Problem >>
The records need to be set down again exactly as they appear.

--------------------

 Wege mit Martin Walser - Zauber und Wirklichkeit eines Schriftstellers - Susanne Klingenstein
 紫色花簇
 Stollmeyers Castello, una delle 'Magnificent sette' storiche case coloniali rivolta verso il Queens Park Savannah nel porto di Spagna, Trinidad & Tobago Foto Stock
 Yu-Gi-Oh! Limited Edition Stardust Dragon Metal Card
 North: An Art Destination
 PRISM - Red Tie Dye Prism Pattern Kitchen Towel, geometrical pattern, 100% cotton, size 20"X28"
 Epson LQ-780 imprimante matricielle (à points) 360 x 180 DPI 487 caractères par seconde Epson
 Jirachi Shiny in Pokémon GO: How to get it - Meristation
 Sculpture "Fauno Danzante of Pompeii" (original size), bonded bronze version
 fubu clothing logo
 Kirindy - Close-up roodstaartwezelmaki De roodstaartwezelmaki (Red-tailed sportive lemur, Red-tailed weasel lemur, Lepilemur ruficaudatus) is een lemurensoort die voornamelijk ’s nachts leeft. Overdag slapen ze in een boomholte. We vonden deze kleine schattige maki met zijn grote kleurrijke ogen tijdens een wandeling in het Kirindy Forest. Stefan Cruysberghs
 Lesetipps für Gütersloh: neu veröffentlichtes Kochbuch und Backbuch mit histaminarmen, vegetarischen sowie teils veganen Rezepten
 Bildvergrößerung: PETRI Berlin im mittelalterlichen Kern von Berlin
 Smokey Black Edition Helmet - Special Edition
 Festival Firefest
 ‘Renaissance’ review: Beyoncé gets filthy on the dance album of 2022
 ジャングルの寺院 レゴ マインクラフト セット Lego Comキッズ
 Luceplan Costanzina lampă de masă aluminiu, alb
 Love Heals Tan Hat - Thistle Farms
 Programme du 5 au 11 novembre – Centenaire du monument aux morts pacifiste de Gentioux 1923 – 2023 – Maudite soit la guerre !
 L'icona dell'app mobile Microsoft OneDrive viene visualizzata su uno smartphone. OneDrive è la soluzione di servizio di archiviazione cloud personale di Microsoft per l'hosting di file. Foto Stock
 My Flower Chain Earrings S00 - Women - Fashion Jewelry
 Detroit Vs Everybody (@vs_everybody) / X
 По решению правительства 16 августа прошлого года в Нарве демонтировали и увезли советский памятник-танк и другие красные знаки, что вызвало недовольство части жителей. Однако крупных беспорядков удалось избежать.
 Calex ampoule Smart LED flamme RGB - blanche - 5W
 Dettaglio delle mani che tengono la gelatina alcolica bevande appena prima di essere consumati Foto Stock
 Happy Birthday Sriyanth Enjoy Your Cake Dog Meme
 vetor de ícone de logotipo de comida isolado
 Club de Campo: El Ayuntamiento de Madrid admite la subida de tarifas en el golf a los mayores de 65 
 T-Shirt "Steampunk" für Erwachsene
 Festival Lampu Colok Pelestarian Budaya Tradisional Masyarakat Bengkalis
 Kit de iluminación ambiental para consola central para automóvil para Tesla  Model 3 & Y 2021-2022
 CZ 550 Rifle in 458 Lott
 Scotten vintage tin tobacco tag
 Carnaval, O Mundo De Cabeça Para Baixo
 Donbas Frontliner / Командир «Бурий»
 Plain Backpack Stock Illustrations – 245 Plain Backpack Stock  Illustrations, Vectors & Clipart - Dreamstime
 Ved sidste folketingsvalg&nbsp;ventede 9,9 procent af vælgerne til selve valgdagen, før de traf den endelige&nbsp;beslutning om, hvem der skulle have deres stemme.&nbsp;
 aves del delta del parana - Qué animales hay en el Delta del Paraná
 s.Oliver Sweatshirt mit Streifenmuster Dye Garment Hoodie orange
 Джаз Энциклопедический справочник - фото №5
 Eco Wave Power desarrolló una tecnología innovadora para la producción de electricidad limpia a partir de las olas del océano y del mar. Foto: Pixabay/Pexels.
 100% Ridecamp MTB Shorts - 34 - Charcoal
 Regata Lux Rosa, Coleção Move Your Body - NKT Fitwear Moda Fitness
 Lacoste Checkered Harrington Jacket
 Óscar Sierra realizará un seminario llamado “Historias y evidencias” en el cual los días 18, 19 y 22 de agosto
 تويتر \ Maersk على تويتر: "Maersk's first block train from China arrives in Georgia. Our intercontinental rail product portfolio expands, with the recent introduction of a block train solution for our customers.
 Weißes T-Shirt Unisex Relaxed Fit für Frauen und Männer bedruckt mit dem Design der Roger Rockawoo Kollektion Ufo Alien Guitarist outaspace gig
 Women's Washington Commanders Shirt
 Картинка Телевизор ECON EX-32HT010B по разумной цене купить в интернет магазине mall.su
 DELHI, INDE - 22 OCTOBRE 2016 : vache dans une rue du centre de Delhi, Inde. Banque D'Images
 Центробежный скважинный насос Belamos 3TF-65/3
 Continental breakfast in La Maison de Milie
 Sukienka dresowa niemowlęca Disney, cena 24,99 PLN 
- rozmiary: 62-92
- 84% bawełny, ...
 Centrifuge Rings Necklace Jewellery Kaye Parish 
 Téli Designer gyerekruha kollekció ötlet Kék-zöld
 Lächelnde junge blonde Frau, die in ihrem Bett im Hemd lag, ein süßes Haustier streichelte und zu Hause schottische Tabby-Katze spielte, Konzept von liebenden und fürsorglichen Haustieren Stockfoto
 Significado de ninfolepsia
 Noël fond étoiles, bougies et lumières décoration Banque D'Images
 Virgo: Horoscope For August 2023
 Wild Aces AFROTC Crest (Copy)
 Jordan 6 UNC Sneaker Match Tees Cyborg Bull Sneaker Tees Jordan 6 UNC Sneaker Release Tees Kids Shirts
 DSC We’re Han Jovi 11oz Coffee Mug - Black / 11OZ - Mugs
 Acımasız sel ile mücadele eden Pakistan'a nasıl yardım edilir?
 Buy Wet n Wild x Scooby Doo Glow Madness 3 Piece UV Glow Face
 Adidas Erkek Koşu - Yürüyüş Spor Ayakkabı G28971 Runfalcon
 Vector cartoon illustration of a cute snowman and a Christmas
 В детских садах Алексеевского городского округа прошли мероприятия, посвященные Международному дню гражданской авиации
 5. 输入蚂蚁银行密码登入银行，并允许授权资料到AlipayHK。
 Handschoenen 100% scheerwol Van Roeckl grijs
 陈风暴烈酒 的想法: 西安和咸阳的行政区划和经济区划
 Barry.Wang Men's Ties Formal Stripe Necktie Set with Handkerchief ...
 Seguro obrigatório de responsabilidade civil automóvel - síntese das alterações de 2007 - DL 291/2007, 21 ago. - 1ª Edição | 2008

--------------------

Answer box >>
 Wege mit Martin Walser - Zauber und Wirklichkeit eines Schriftstellers - Susanne Klingenstein
 紫色花簇
 Stollmeyers Castello, una delle 'Magnificent sette' storiche case coloniali rivolta verso il Queens Park Savannah nel porto di Spagna, Trinidad & Tobago Foto Stock
 Yu-Gi-Oh! Limited Edition Stardust Dragon Metal Card
 North: An Art Destination
 PRISM - Red Tie Dye Prism Pattern Kitchen Towel, geometrical pattern, 100% cotton, size 20"X28"
 Epson LQ-780 imprimante matricielle (à points) 360 x 180 DPI 487 caractères par seconde Epson
 Jirachi Shiny in Pokémon GO: How to get it - Meristation
 Sculpture "Fauno Danzante of Pompeii" (original size), bonded bronze version
 fubu clothing logo
 Kirindy - Close-up roodstaartwezelmaki De roodstaartwezelmaki (Red-tailed sportive lemur, Red-tailed weasel lemur, Lepilemur ruficaudatus) is een lemurensoort die voornamelijk ’s nachts leeft. Overdag slapen ze in een boomholte. We vonden deze kleine schattige maki met zijn grote kleurrijke ogen tijdens een wandeling in het Kirindy Forest. Stefan Cruysberghs
 Lesetipps für Gütersloh: neu veröffentlichtes Kochbuch und Backbuch mit histaminarmen, vegetarischen sowie teils veganen Rezepten
 Bildvergrößerung: PETRI Berlin im mittelalterlichen Kern von Berlin
 Smokey Black Edition Helmet - Special Edition
 Festival Firefest
 ‘Renaissance’ review: Beyoncé gets filthy on the dance album of 2022
 ジャングルの寺院 レゴ マインクラフト セット Lego Comキッズ
 Luceplan Costanzina lampă de masă aluminiu, alb
 Love Heals Tan Hat - Thistle Farms
 Programme du 5 au 11 novembre – Centenaire du monument aux morts pacifiste de Gentioux 1923 – 2023 – Maudite soit la guerre !
 L'icona dell'app mobile Microsoft OneDrive viene visualizzata su uno smartphone. OneDrive è la soluzione di servizio di archiviazione cloud personale di Microsoft per l'hosting di file. Foto Stock
 My Flower Chain Earrings S00 - Women - Fashion Jewelry
 Detroit Vs Everybody (@vs_everybody) / X
 По решению правительства 16 августа прошлого года в Нарве демонтировали и увезли советский памятник-танк и другие красные знаки, что вызвало недовольство части жителей. Однако крупных беспорядков удалось избежать.
 Calex ampoule Smart LED flamme RGB - blanche - 5W
 Dettaglio delle mani che tengono la gelatina alcolica bevande appena prima di essere consumati Foto Stock
 Happy Birthday Sriyanth Enjoy Your Cake Dog Meme
 vetor de ícone de logotipo de comida isolado
 Club de Campo: El Ayuntamiento de Madrid admite la subida de tarifas en el golf a los mayores de 65 
 T-Shirt "Steampunk" für Erwachsene
 Festival Lampu Colok Pelestarian Budaya Tradisional Masyarakat Bengkalis
 Kit de iluminación ambiental para consola central para automóvil para Tesla  Model 3 & Y 2021-2022
 CZ 550 Rifle in 458 Lott
 Scotten vintage tin tobacco tag
 Carnaval, O Mundo De Cabeça Para Baixo
 Donbas Frontliner / Командир «Бурий»
 Plain Backpack Stock Illustrations – 245 Plain Backpack Stock  Illustrations, Vectors & Clipart - Dreamstime
 Ved sidste folketingsvalg&nbsp;ventede 9,9 procent af vælgerne til selve valgdagen, før de traf den endelige&nbsp;beslutning om, hvem der skulle have deres stemme.&nbsp;
 aves del delta del parana - Qué animales hay en el Delta del Paraná
 s.Oliver Sweatshirt mit Streifenmuster Dye Garment Hoodie orange
 Джаз Энциклопедический справочник - фото №5
 Eco Wave Power desarrolló una tecnología innovadora para la producción de electricidad limpia a partir de las olas del océano y del mar. Foto: Pixabay/Pexels.
 100% Ridecamp MTB Shorts - 34 - Charcoal
 Regata Lux Rosa, Coleção Move Your Body - NKT Fitwear Moda Fitness
 Lacoste Checkered Harrington Jacket
 Óscar Sierra realizará un seminario llamado “Historias y evidencias” en el cual los días 18, 19 y 22 de agosto
 تويتر \ Maersk على تويتر: "Maersk's first block train from China arrives in Georgia. Our intercontinental rail product portfolio expands, with the recent introduction of a block train solution for our customers.
 Weißes T-Shirt Unisex Relaxed Fit für Frauen und Männer bedruckt mit dem Design der Roger Rockawoo Kollektion Ufo Alien Guitarist outaspace gig
 Women's Washington Commanders Shirt
 Картинка Телевизор ECON EX-32HT010B по разумной цене купить в интернет магазине mall.su
 DELHI, INDE - 22 OCTOBRE 2016 : vache dans une rue du centre de Delhi, Inde. Banque D'Images
 Центробежный скважинный насос Belamos 3TF-65/3
 Continental breakfast in La Maison de Milie
 Sukienka dresowa niemowlęca Disney, cena 24,99 PLN 
- rozmiary: 62-92
- 84% bawełny, ...
 Centrifuge Rings Necklace Jewellery Kaye Parish 
 Téli Designer gyerekruha kollekció ötlet Kék-zöld
 Lächelnde junge blonde Frau, die in ihrem Bett im Hemd lag, ein süßes Haustier streichelte und zu Hause schottische Tabby-Katze spielte, Konzept von liebenden und fürsorglichen Haustieren Stockfoto
 Significado de ninfolepsia
 Noël fond étoiles, bougies et lumières décoration Banque D'Images
 Virgo: Horoscope For August 2023
 Wild Aces AFROTC Crest (Copy)
 Jordan 6 UNC Sneaker Match Tees Cyborg Bull Sneaker Tees Jordan 6 UNC Sneaker Release Tees Kids Shirts
 DSC We’re Han Jovi 11oz Coffee Mug - Black / 11OZ - Mugs
 Acımasız sel ile mücadele eden Pakistan'a nasıl yardım edilir?
 Buy Wet n Wild x Scooby Doo Glow Madness 3 Piece UV Glow Face
 Adidas Erkek Koşu - Yürüyüş Spor Ayakkabı G28971 Runfalcon
 Vector cartoon illustration of a cute snowman and a Christmas
 В детских садах Алексеевского городского округа прошли мероприятия, посвященные Международному дню гражданской авиации
 5. 输入蚂蚁银行密码登入银行，并允许授权资料到AlipayHK。
 Handschoenen 100% scheerwol Van Roeckl grijs
 陈风暴烈酒 的想法: 西安和咸阳的行政区划和经济区划
 Barry.Wang Men's Ties Formal Stripe Necktie Set with Handkerchief ...
 Seguro obrigatório de responsabilidade civil automóvel - síntese das alterações de 2007 - DL 291/2007, 21 ago. - 1ª Edição | 2008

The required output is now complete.